Metabolic Solutions helps researchers study de novo lipogenesis and lipid kinetics using carbon-13 and deuterium stable isotope methods. Dysregulation of de novo lipogenesis and lipid pathways is associated with obesity, diabetes, and non-alcoholic liver and cardiovascular diseases. De novo lipogenesis is a complex regulated process in which circulating carbohydrates are converted to fatty acids. Lipid synthesis from these biochemical processes is thought to contribute to the pathogenesis of non-alcoholic fatty liver disease, metabolic syndrome with consequent insulin residence.

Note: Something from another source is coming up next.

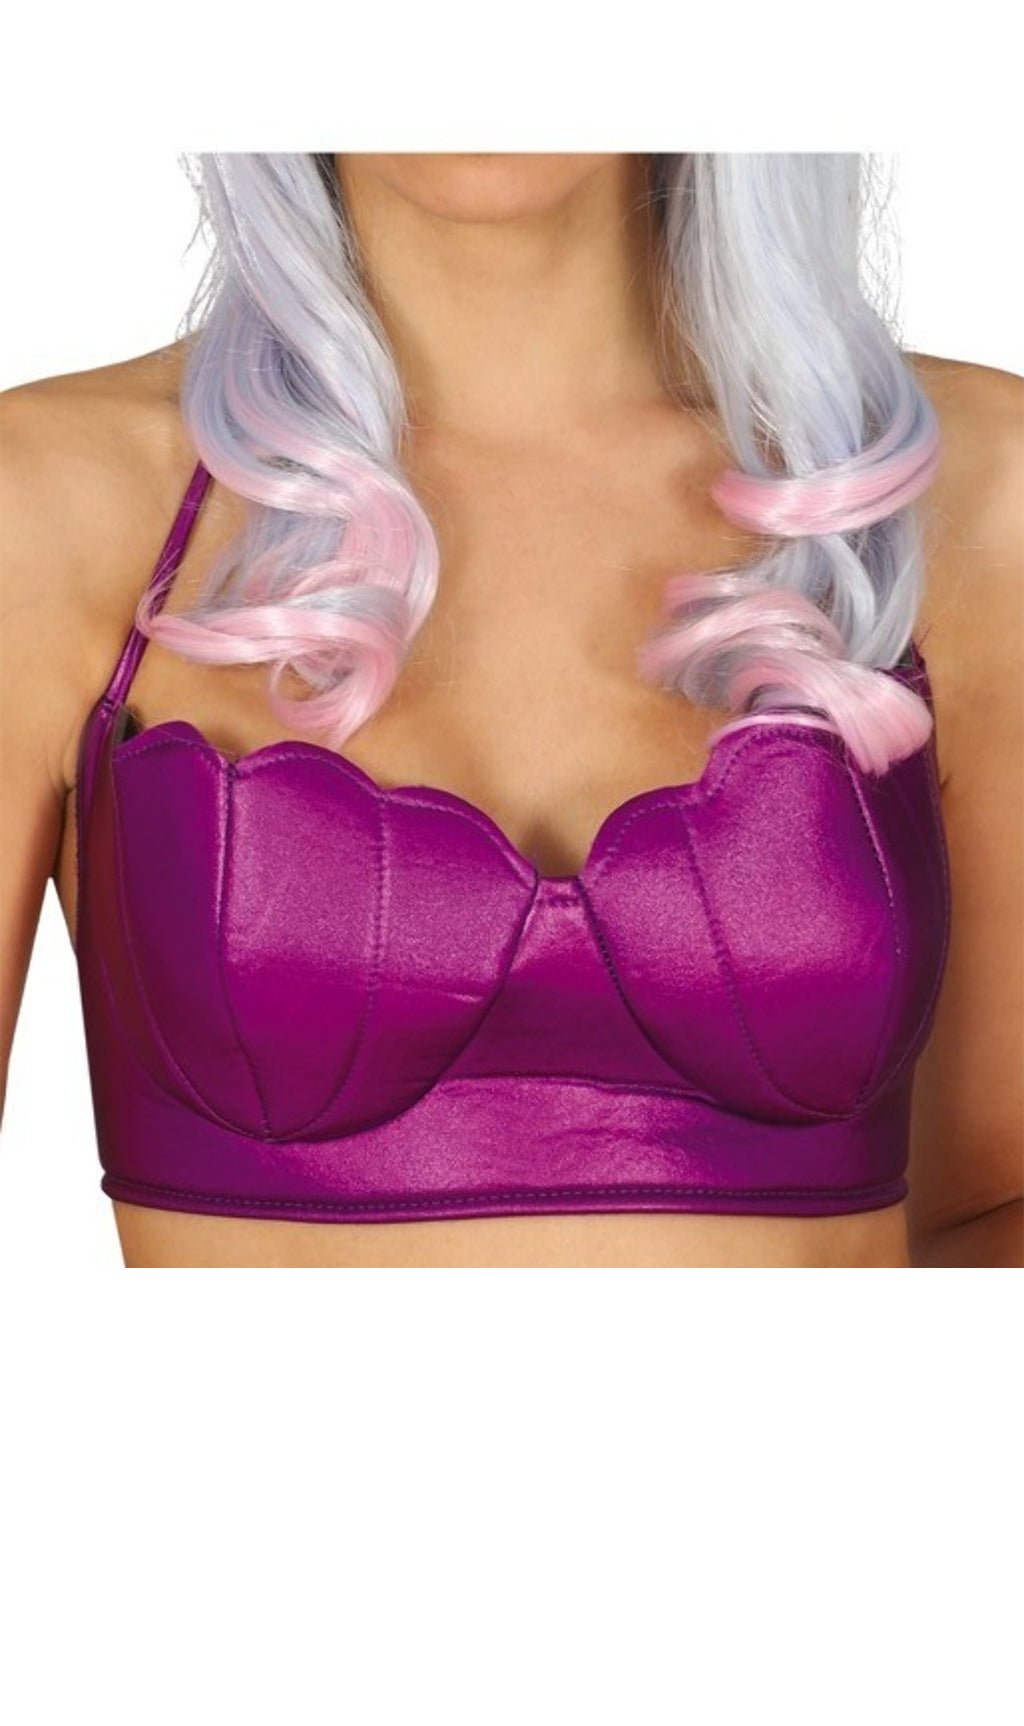 Las mejores ofertas en Disfraces Púrpura Sirena

We offer de novo lipogenesis analytical services to measure incorporation of 13C-acetate (Mass Isotopomer Distrubution Analysis (MIDA)) or deuterium labeling into plasma or hepatic triglycerides.
We also offer lipid kinetic services to determine fatty acid turnover rates. The process of triglyceride breakdown or lipolysis results in the release of fatty acids and glycerol. Fatty acids can serve as energy substrates while glycerol can act as a gluconeogenic precursor. Isotopic tracers (1-13C-palmitate and D5-glycerol) can be used to quantify the rate of appearance of fatty acids and glycerol into the blood stream.

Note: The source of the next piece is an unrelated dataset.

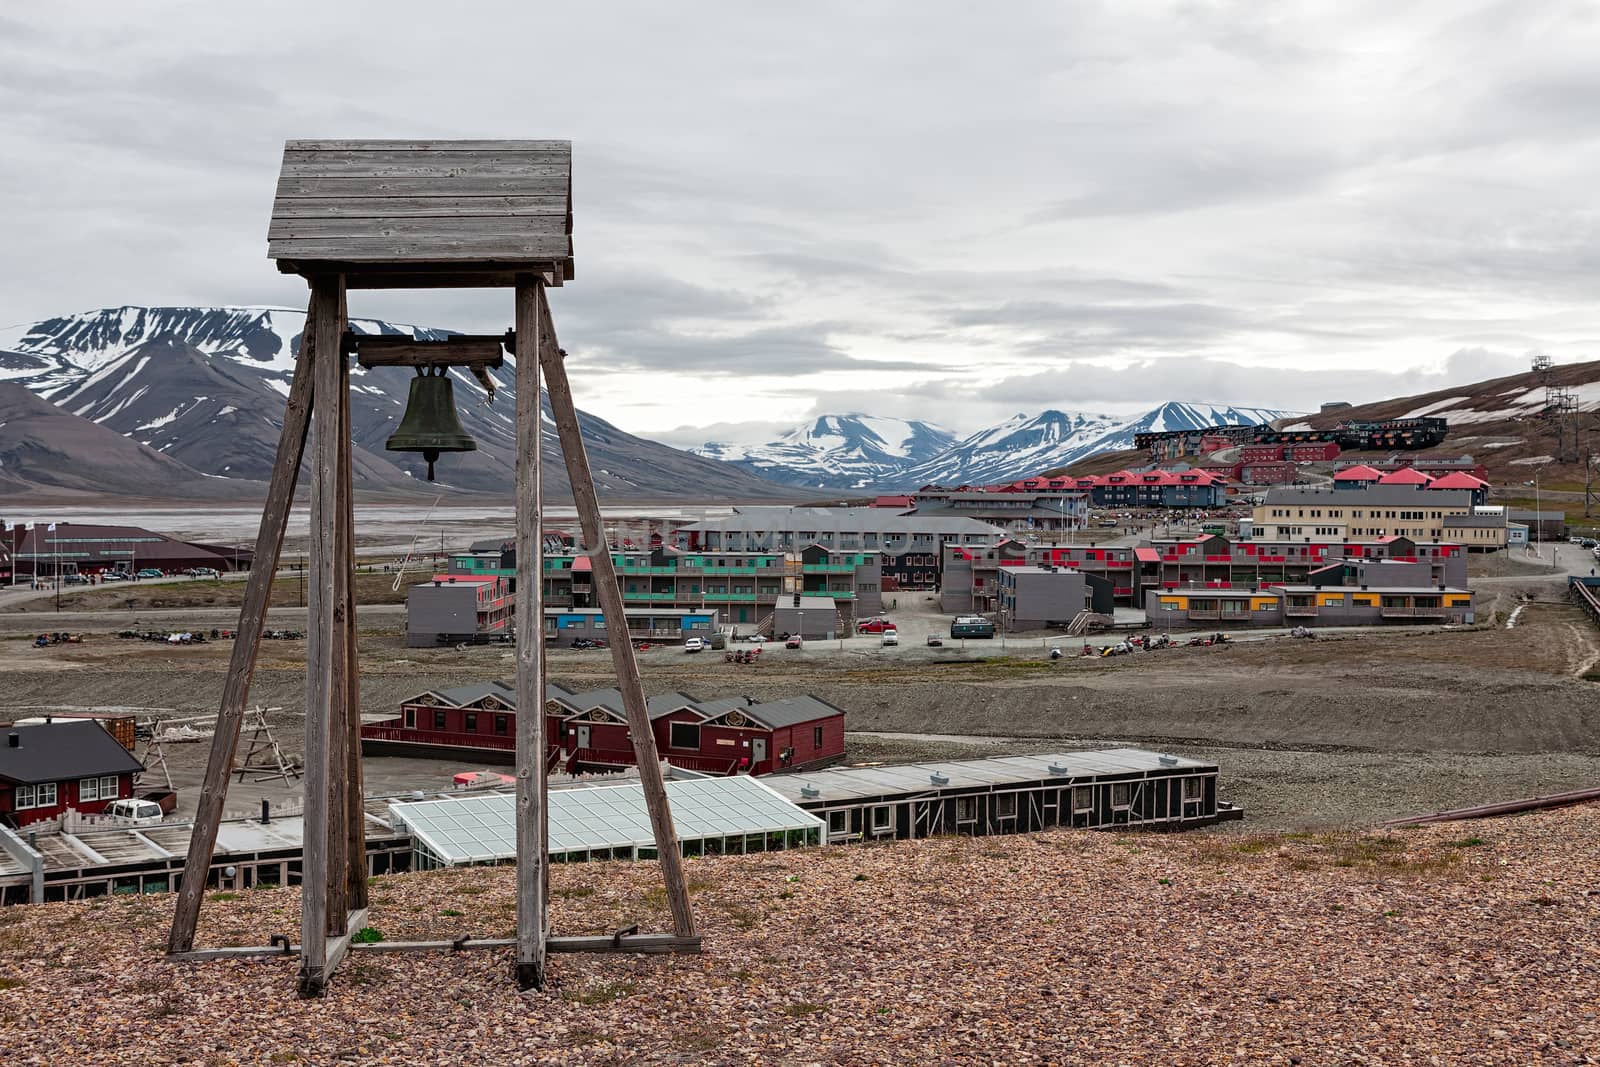 Bell tower in Longyearbyen, Norway by LuigiMorbidelli

List of Lipid Analytical Services
- Rates of De Novo Lipogenesis
- Rates of lipolysis
- Fatty acid turnover
- Fatty acid oxidation
- Glycerol kinetics
De Novo Lipogenesis (13C-acetate Tracer)
Sodium [1-13C]acetate (10g/day) is continuously infused after an overnight fast for 10 hours to establish hepatic stores of 13C-acetyl CoA for monitoring fractional de novo lipogenesis. To increase de novo lipogenesis, subjects are given a high fructose liquid diet for the 10 hours. De novo lipogenesis is calculated with a mathematical technique called mass isotopomers distribution analysis (MIDA) based on the mathematics of combinatorial probabilities.
De Novo Lipogenesis (Deuterium oxide Tracer)

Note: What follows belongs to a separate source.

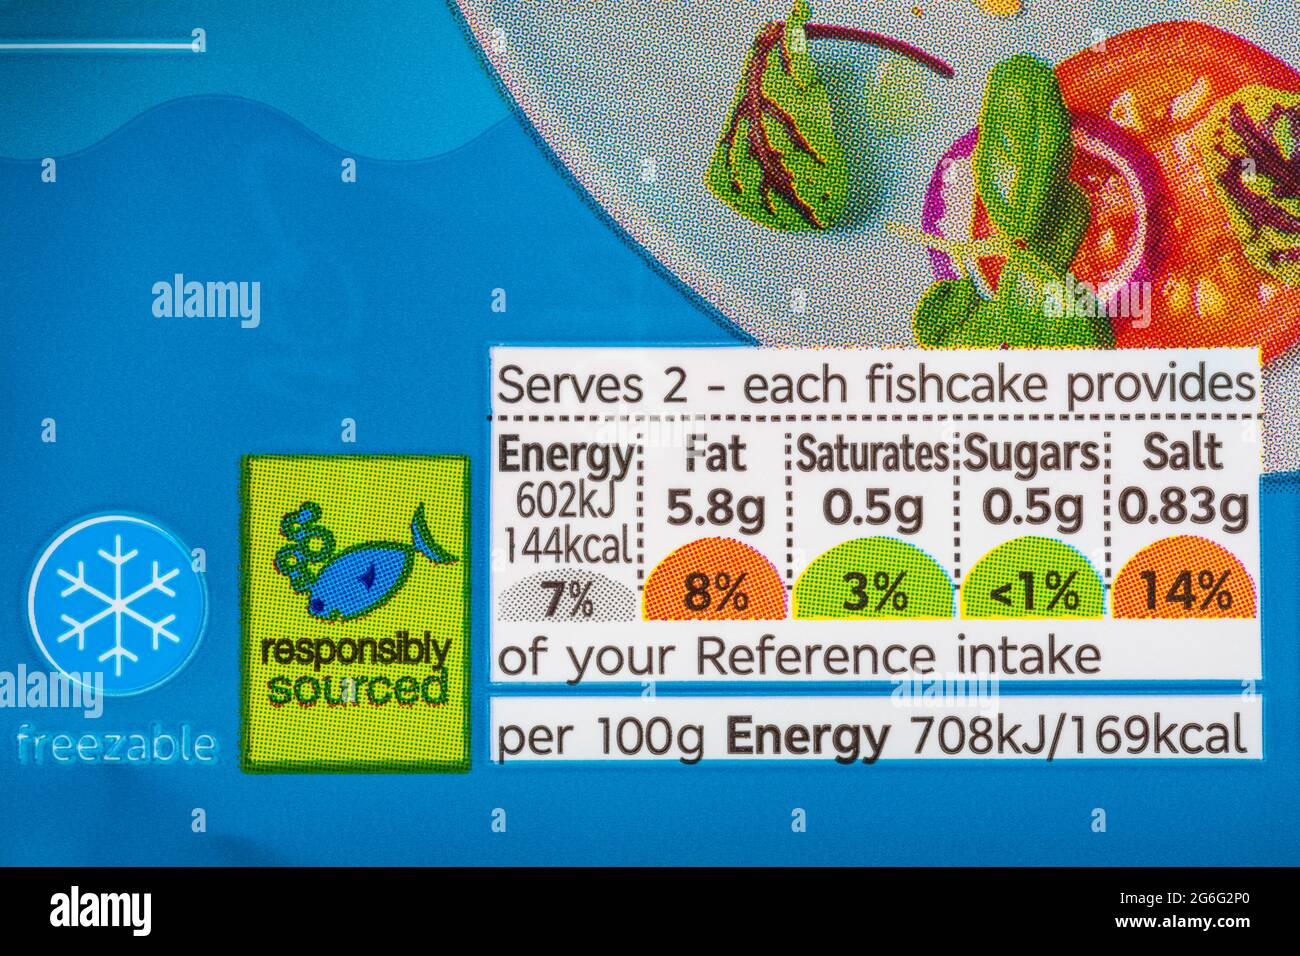 Informations nutritionnelles système de signalisation routière avec code couleur et symbole de source responsable sur le paquet de galettes de poisson M&S Haddock Banque D'Images

Labeling with deuterated water is more convenient and less costly alternative for measuring de novo lipogenesis. The basis of the technique is that deuterium oxide rapidly equilibrates with total body water. The deuterium atom labels acetyl-CoA through various enzymatic reactions in the Krebs cycle.
Deuterium labeling studies are easy to conduct. Only a single oral dose of deuterium oxide (1 gram/kg BW) is required. Blood samples are collected for lipid enrichment prior to dosing and after 4-24 hours. The precursor enrichment of total body water is easily measured with plasma, saliva or urine.
Gas chromatography pyrolysis isotope ratio mass spectrometry (GCP-IRMS) is used to measure very low levels of deuterium in plasma or tissue lipids. The GCP-IRMS separates derivatized fatty acids and cholesterol by gas chromatography. The lipid peaks are then combusted to hydrogen gas at 1450°C, which is analyzed by isotope ratio mass spectrometry. We can detect enrichment levels of 0.001% of deuterium with accuracy and precision. The fractional de novo lipogenesis rate is calculated from the average enrichment of deuterium in fatty acids or cholesterol.
Fatty Acid Turnover
A stable isotope labeled fatty acid, typically 13C-palmitate, is continuously infused intravenously in tracer amounts. The rate of appearance of endogenous unlabeled fatty acids into the bloodstream can be determined by calculating the dilution of infused isotope. Upon reaching steady-state, the rate of appearance equals the rate of disappearance or uptake. Therefore, the rate of appearance is equal to the flux or turnover rate of the substrate.
Glycerol Turnover
The rate of appearance of glycerol is a direct index of lipolysis. Measurement of glycerol appearance is useful since fatty acid flux underestimates the rate of lipolysis because of reesterification. Fatty acids can become reesterified within adipocytes, which prevent release of fatty acids into the bloodstream despite active lipolysis. However, glycerol cannot be reincorporated into triglycerides because glycerol kinase is absent within adipocytes.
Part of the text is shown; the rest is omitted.